Countryside group urges ministers to act over 'scandal' of blocked conversions

A body representing landowners and businesses in rural areas has called on ministers to act to address the 'scandal' of local authorities blocking applications made under recently relaxed planning rules to convert farm buildings to homes.

Barn conversion: CLA says local authorities are flouting rules (picture: Muellar, via Flickr)
Barn conversion: CLA says local authorities are flouting rules (picture: Muellar, via Flickr)

A new permitted development right allowing agricultural landowners convert existing buildings into dwellings without planning permission came into force in April.

But figures recently published the Department for Communities and Local Government (DCLG) revealed that 52 per cent of 162 agricultural-to-residential prior approval decisions in the second quarter of this year were refusals, a far higher proportion than applications made under other recent permitted development right changes.

In a statement issued today, Country Land and Business Association (CLA) president Henry Robinson said: "The introduction of class MB permitted development rights was a hard fought battle for the CLA and the government. The fact that local authorities are blatantly refusing to follow legislation is a scandal.

"If the government is serious about getting more underused agricultural buildings back into use and helping with our chronic housing shortage, then the planning minister must act to ensure local authorities take a genuinely constructive approach to permitted development."

Under the permitted development rules, developers must notify their local planning authority to determine whether prior approval will be required in relation to the scheme's transport, highways and noise impacts, the site's risk of contamination or flooding, and whether the location of the building "makes it otherwise impractical or undesirable" to change the use.

In October, DCLG chief planner Steve Quartermain told the British Institute of Agricultural Consultants' conference that some authorities had been "tempted" to consider other matters when deciding prior approval applications.

He told delegates: "Prior approval is not planning approval light - it's permitted development. Local authorities can't bring in matters that aren't conditions."

Housing minister Brandon Lewis said: "The government’s permitted development changes are providing much needed homes right across the country.

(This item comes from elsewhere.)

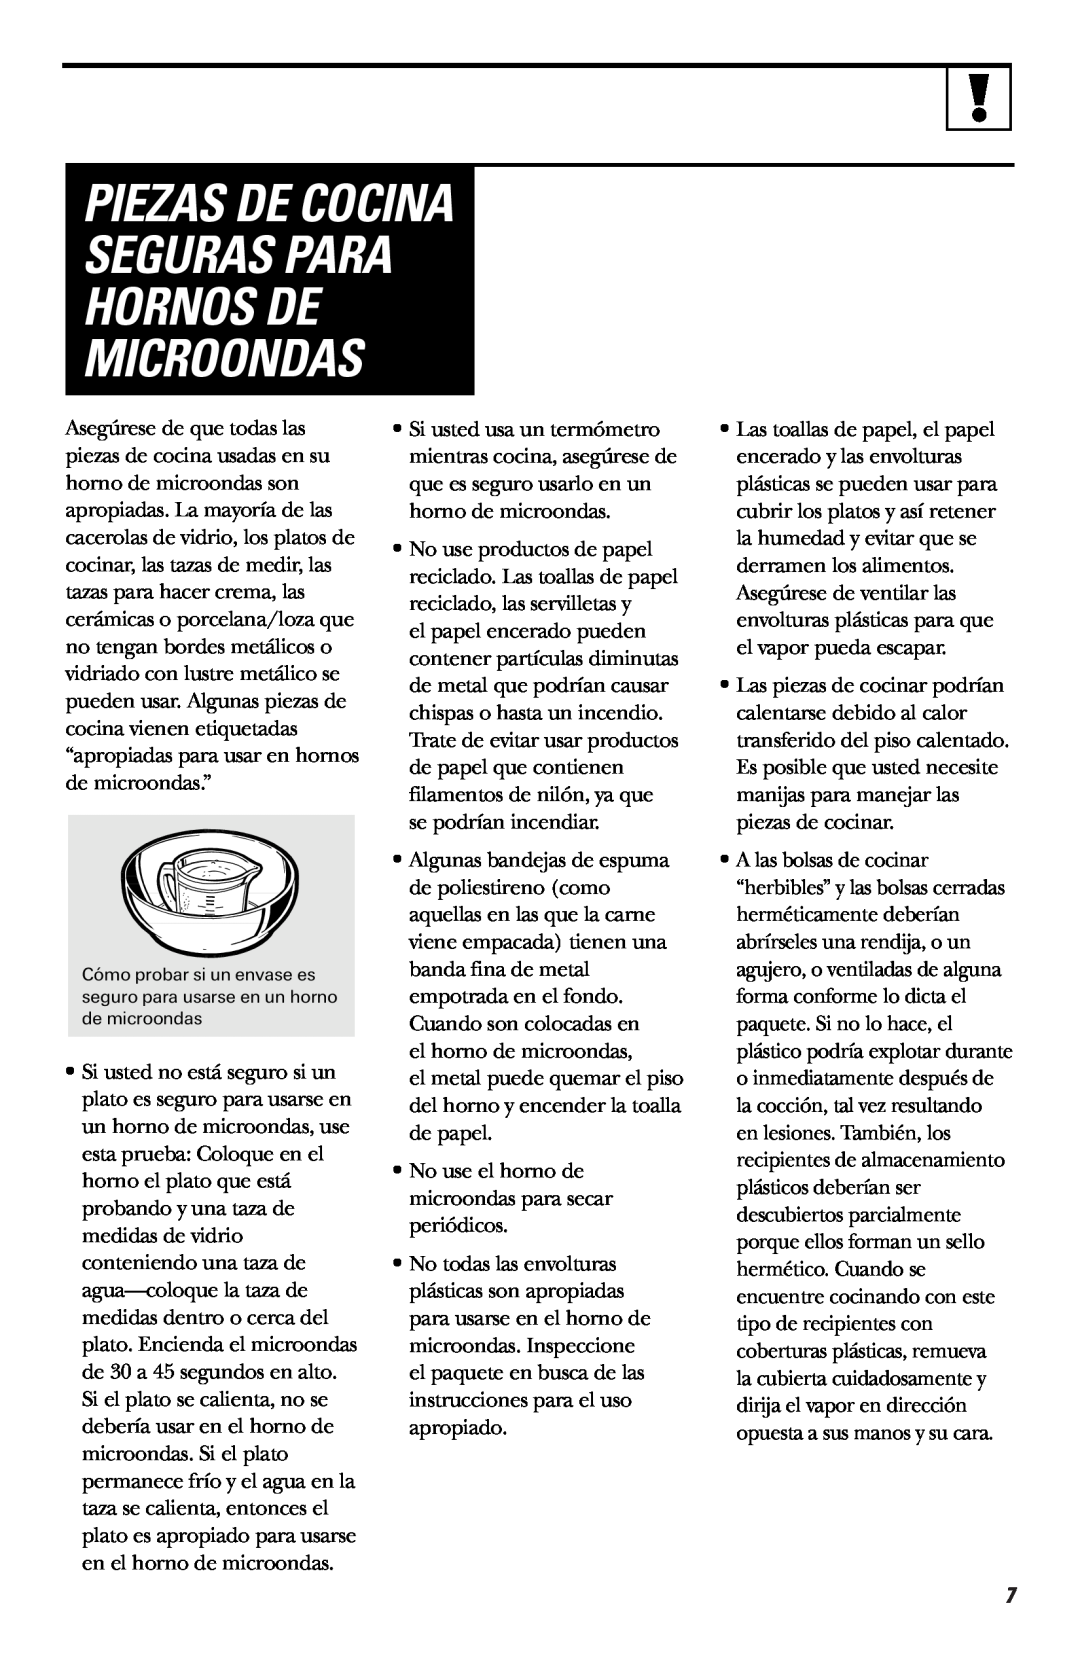 Hotpoint RVM1635 owner manual Piezas De Cocina Seguras Para Hornos De Microondas 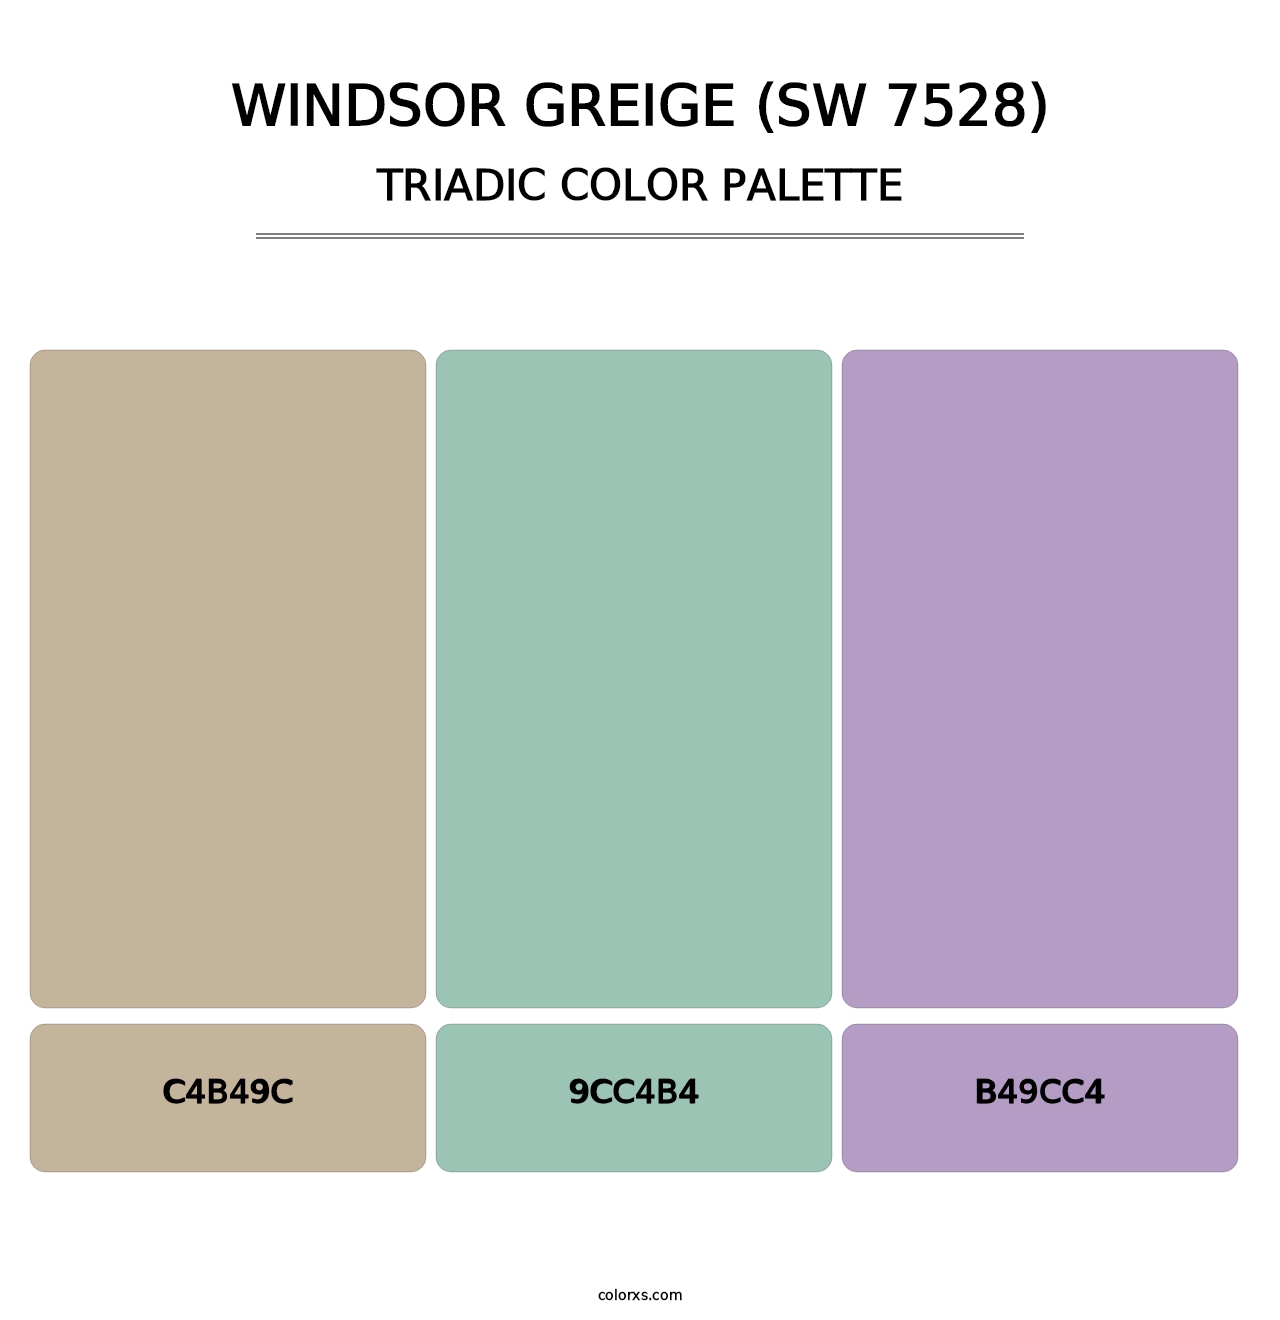 Windsor Greige (SW 7528) - Triadic Color Palette

By bringing empty and redundant buildings back into productive use, councils can unlock the potential of local brownfield sites while protecting their local countryside at no cost to the taxpayer.

"We will keep the operation of the permitted development right under review and will consider whether additional planning guidance would be helpful."

NOTE: This story was amended after publication to include a comment from DCLG, which had been contacted prior to publication.